▶ _Prompt_:
Would you transcribe the records below from the line with "Dr. Martens Charla" to the line with "PHOTO: The 2023", ends included, exactly and with nothing more, leaving the pictures out?

▶ _Extracted information_:
#####
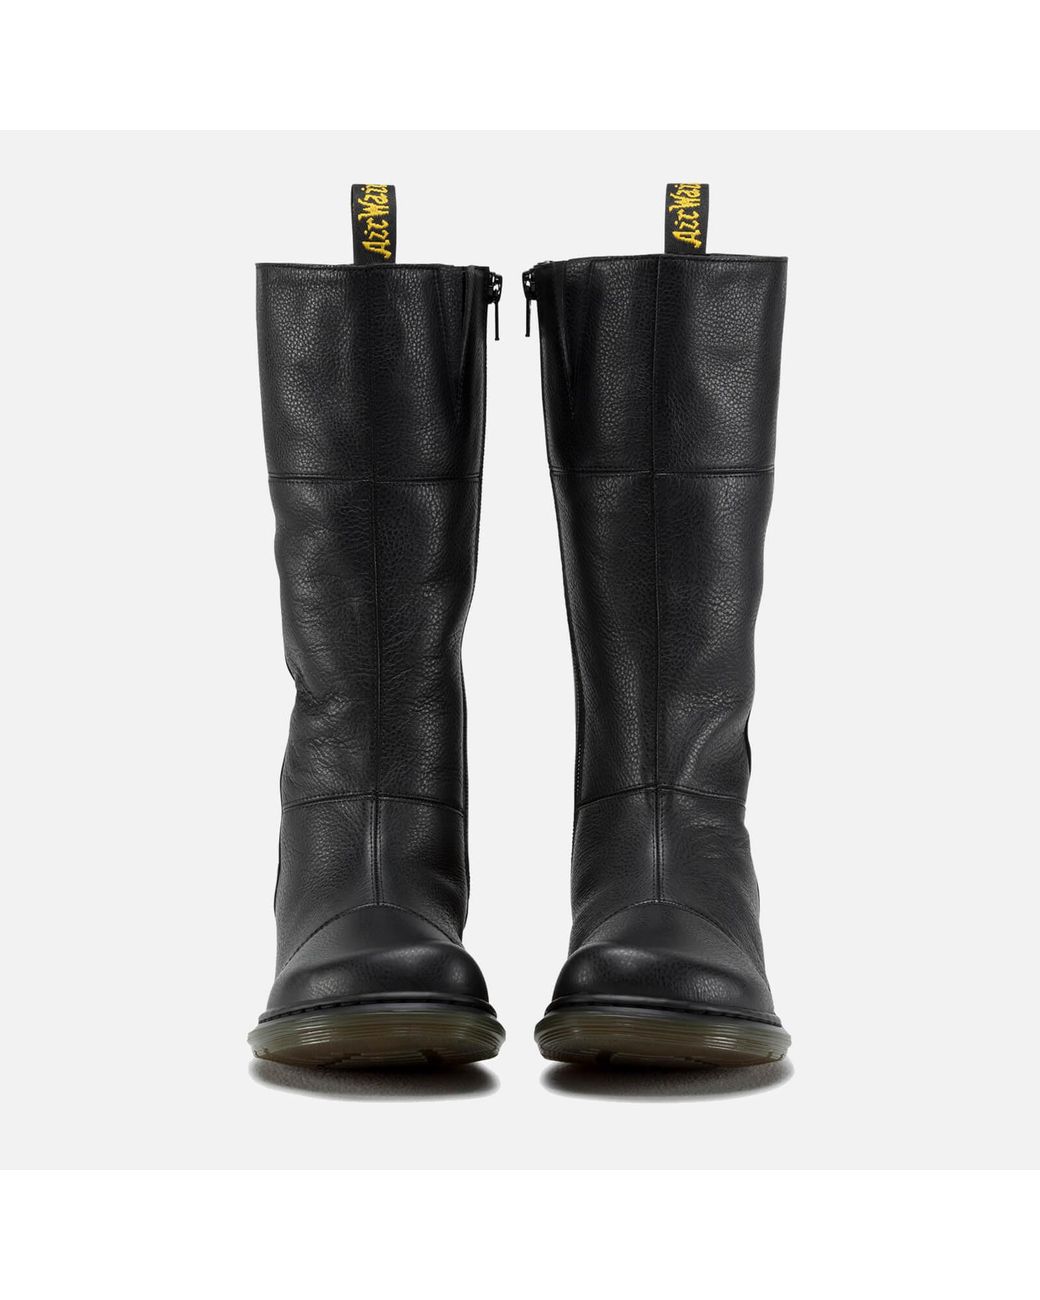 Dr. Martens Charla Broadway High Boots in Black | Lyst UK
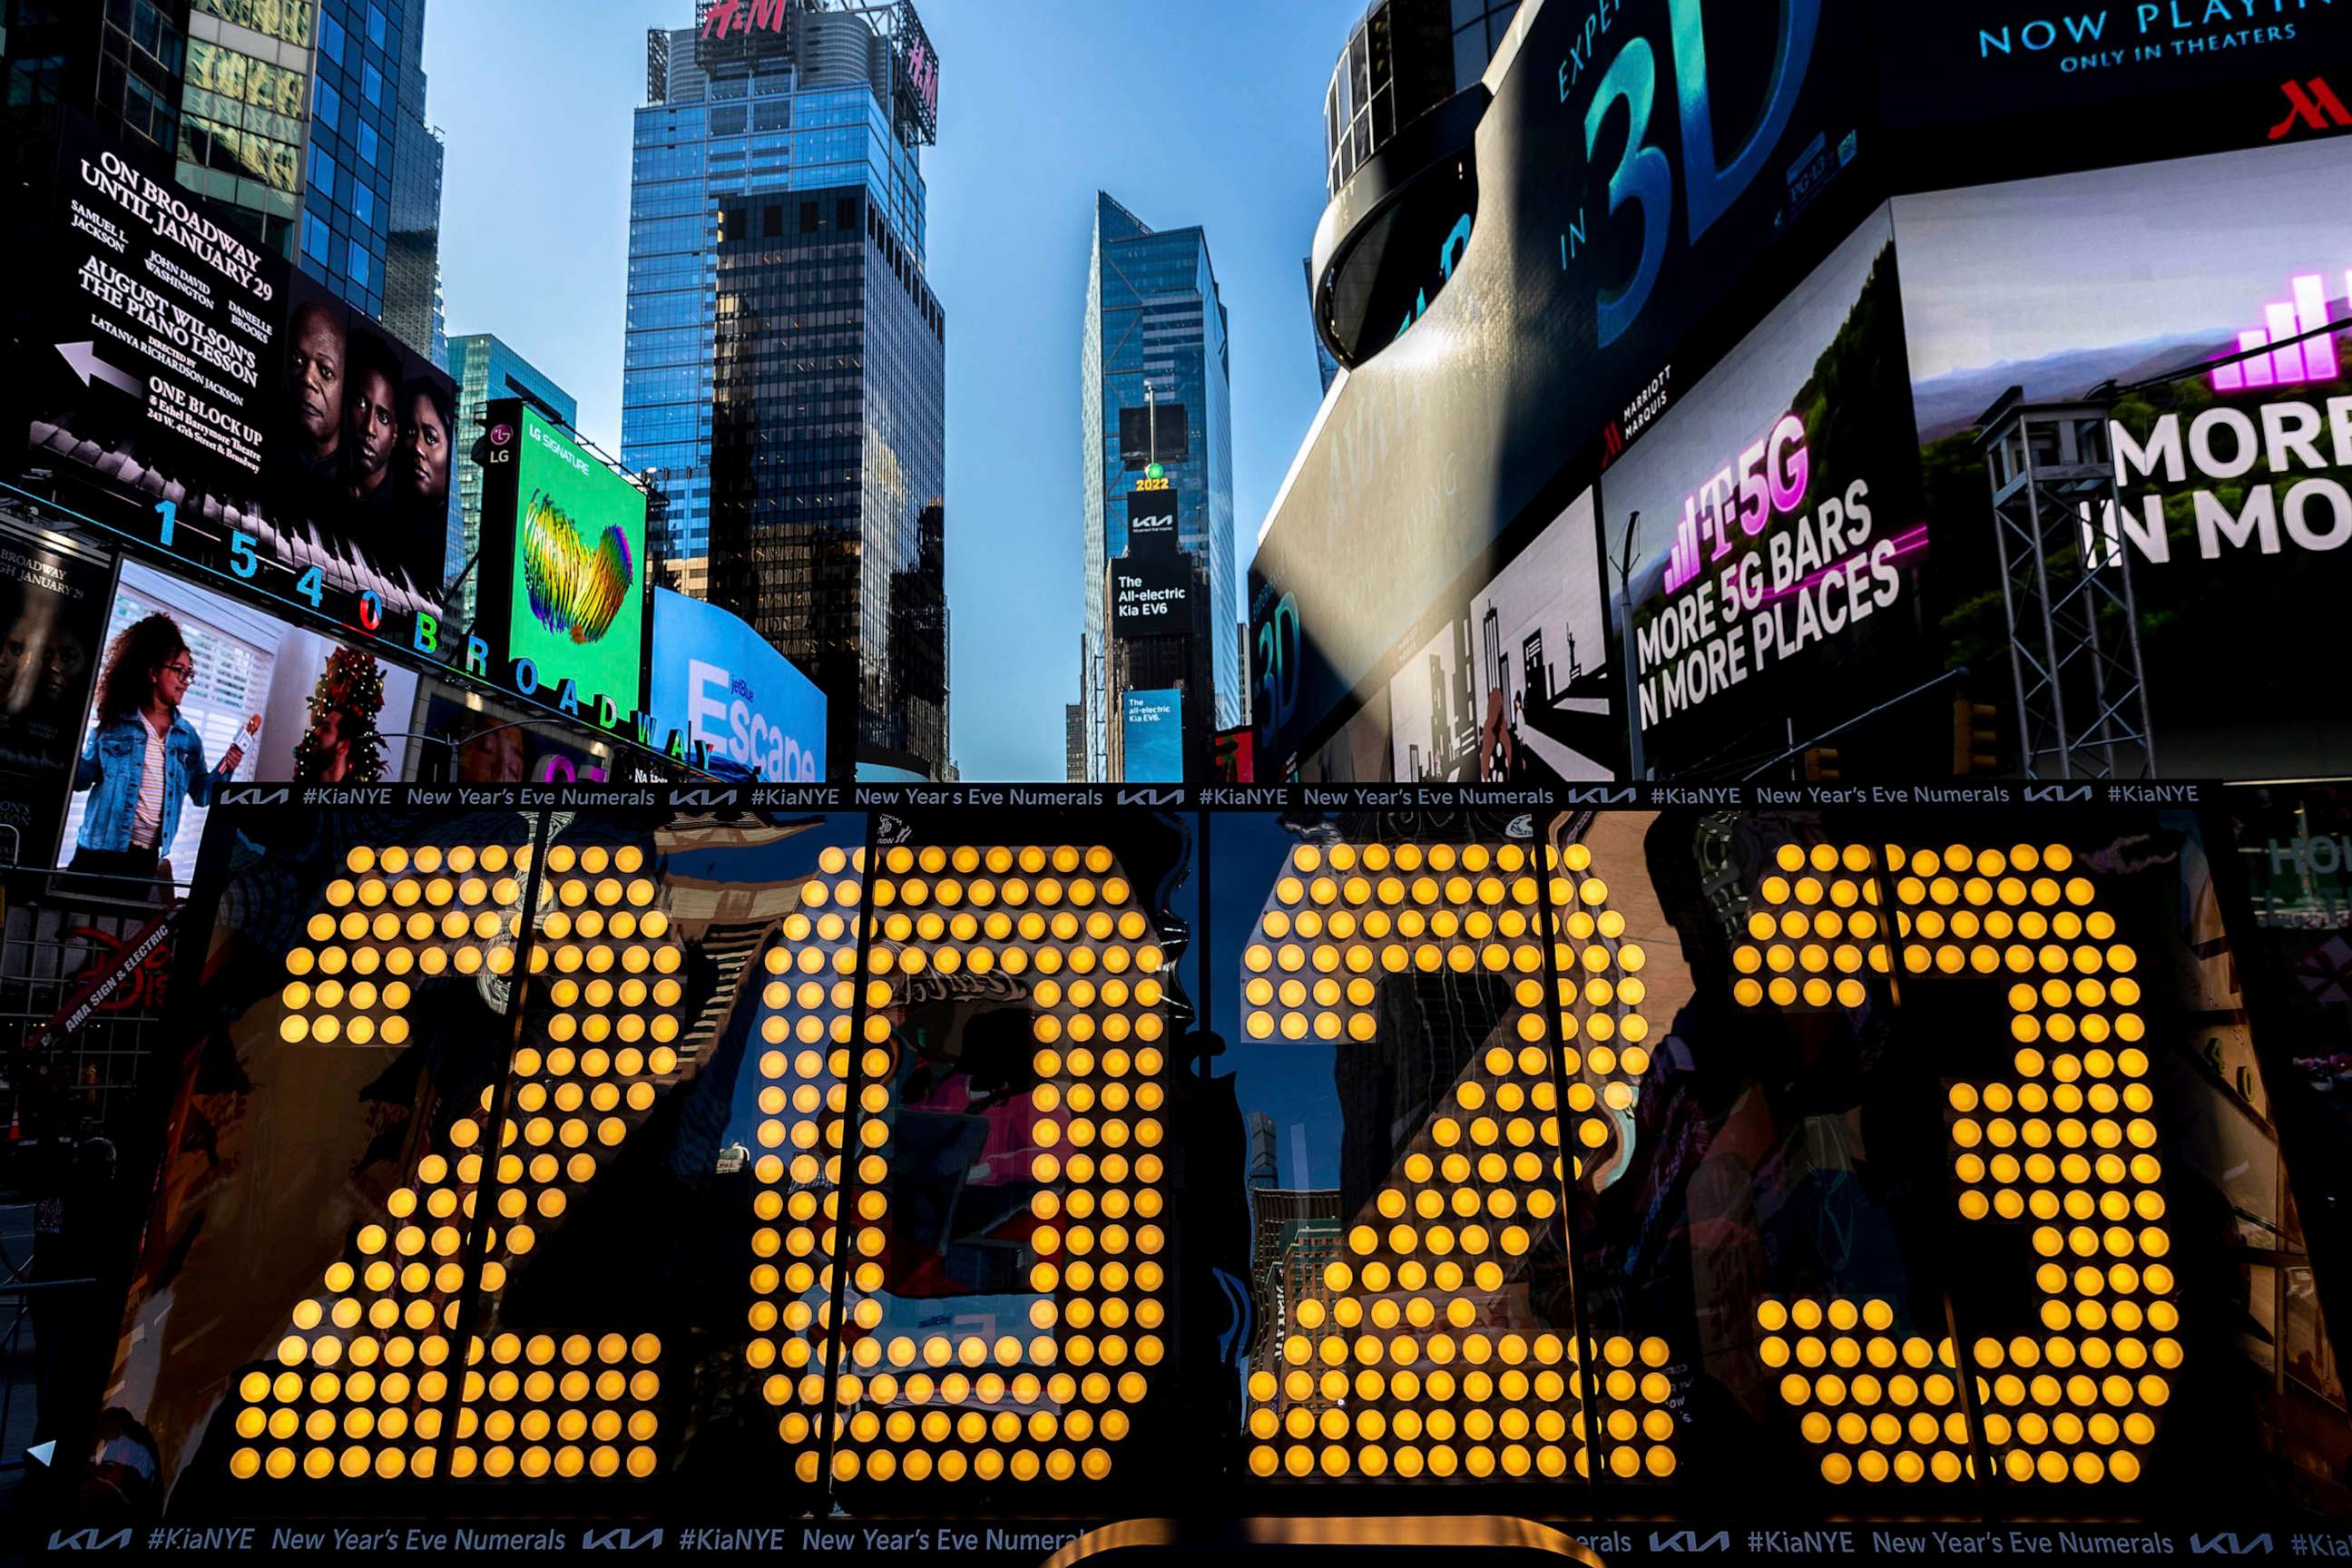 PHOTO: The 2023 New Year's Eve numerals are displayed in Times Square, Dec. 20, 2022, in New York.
#####
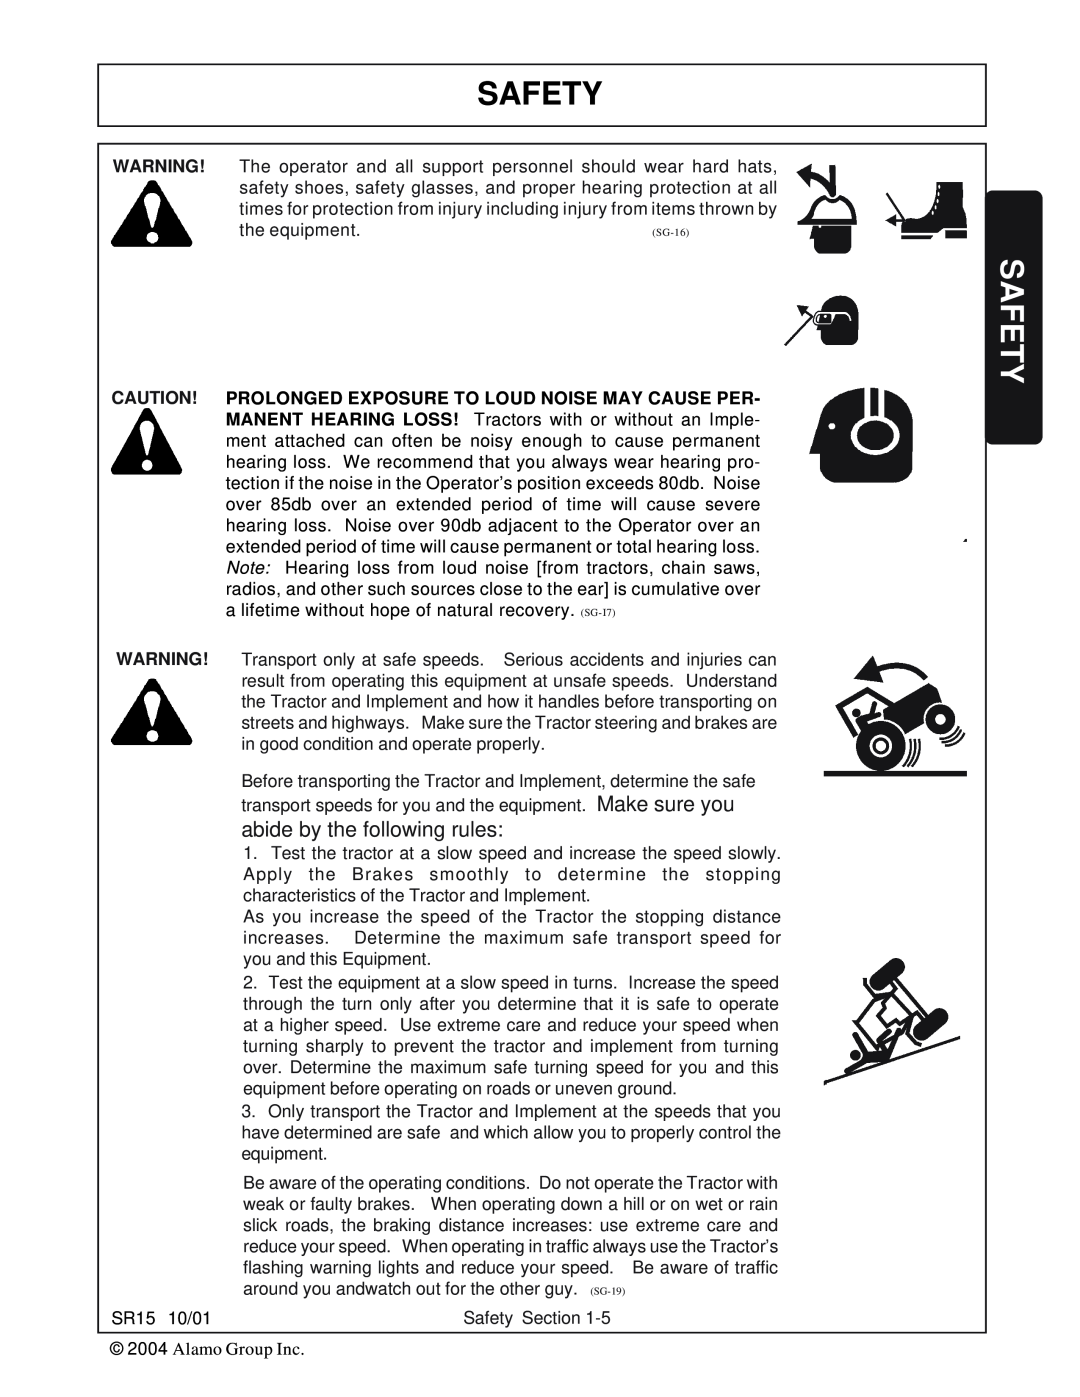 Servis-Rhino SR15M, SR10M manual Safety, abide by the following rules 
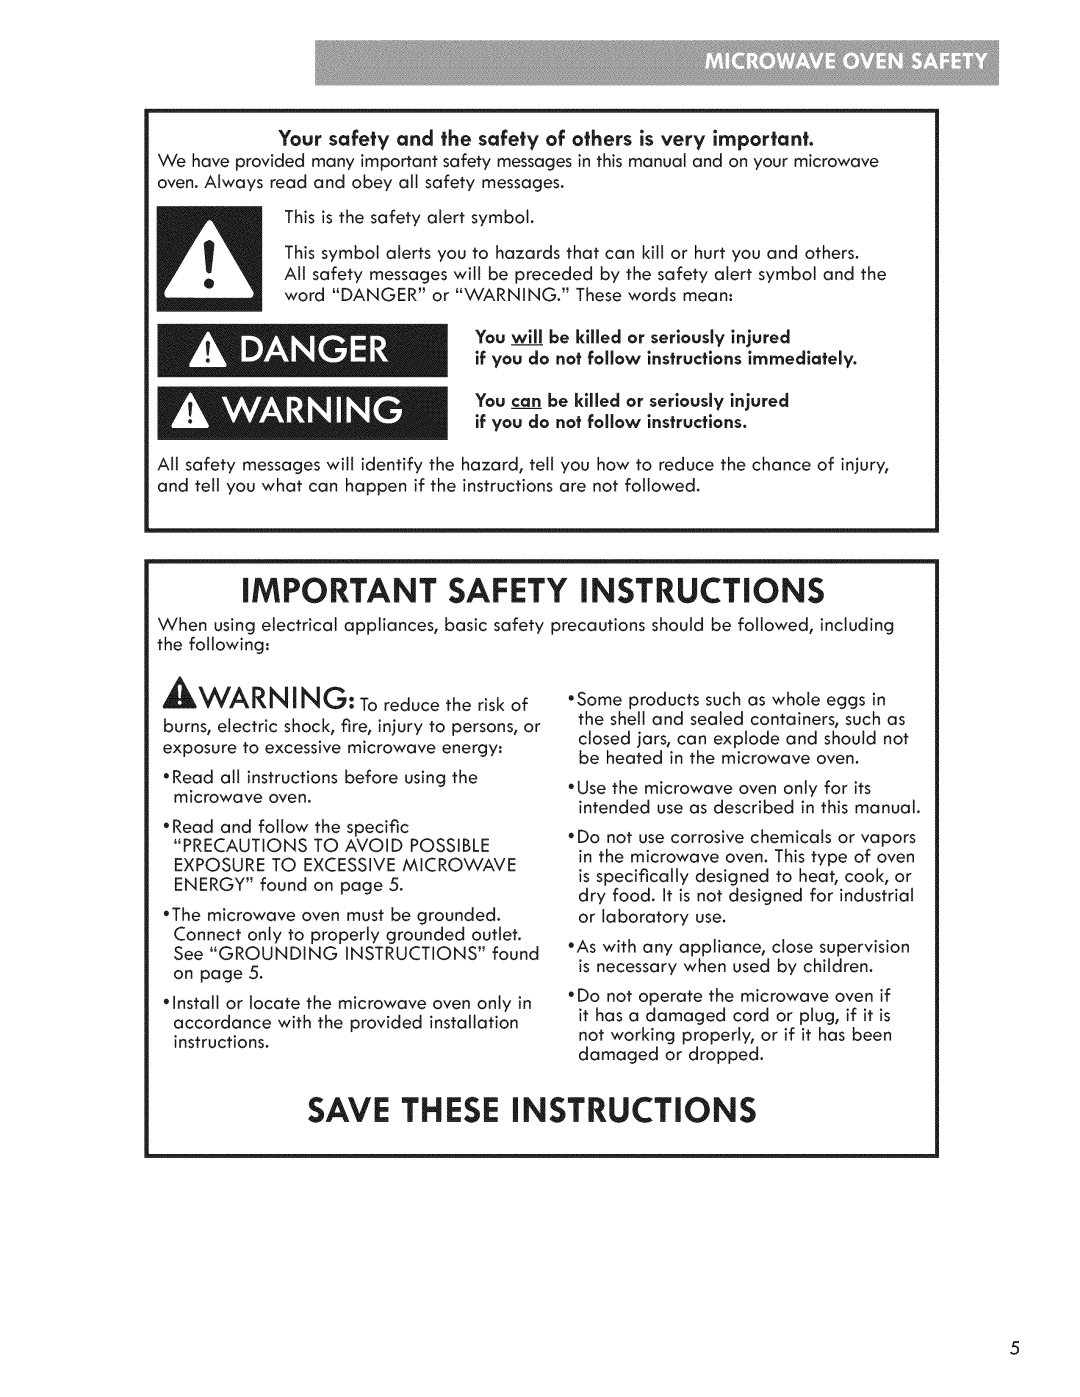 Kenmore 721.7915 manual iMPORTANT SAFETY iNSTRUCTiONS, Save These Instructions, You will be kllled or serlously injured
#####
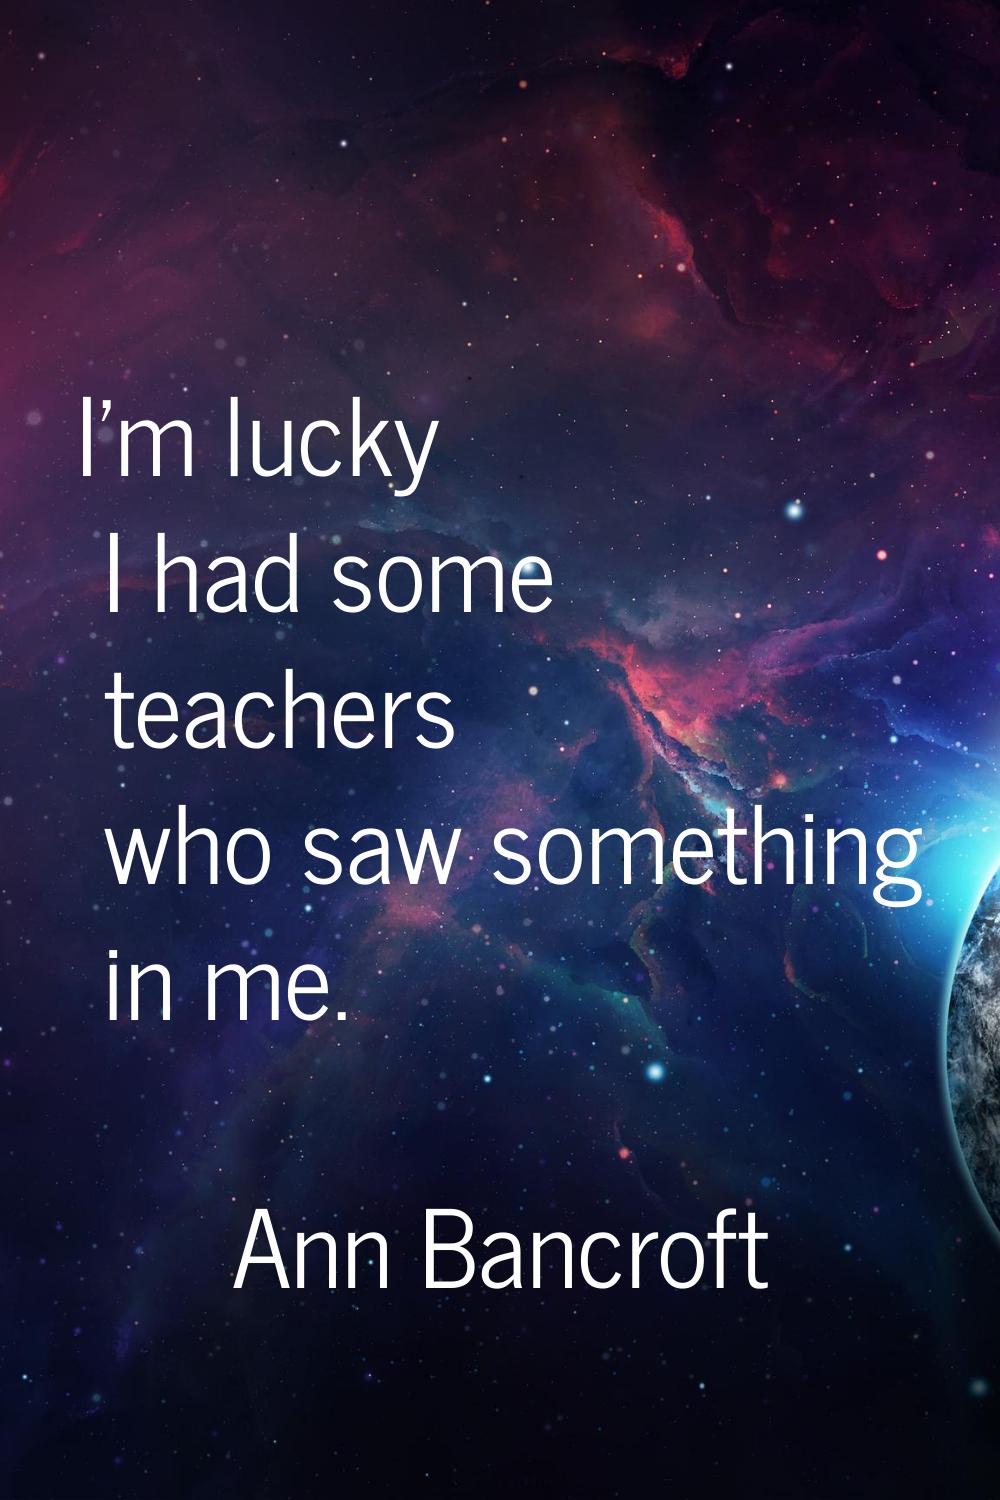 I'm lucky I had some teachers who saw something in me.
#####
▶ _Answer for this exercise_:
 Dr. Martens Charla Broadway High Boots in Black | Lyst UK
 PHOTO: The 2023 New Year's Eve numerals are displayed in Times Square, Dec. 20, 2022, in New York.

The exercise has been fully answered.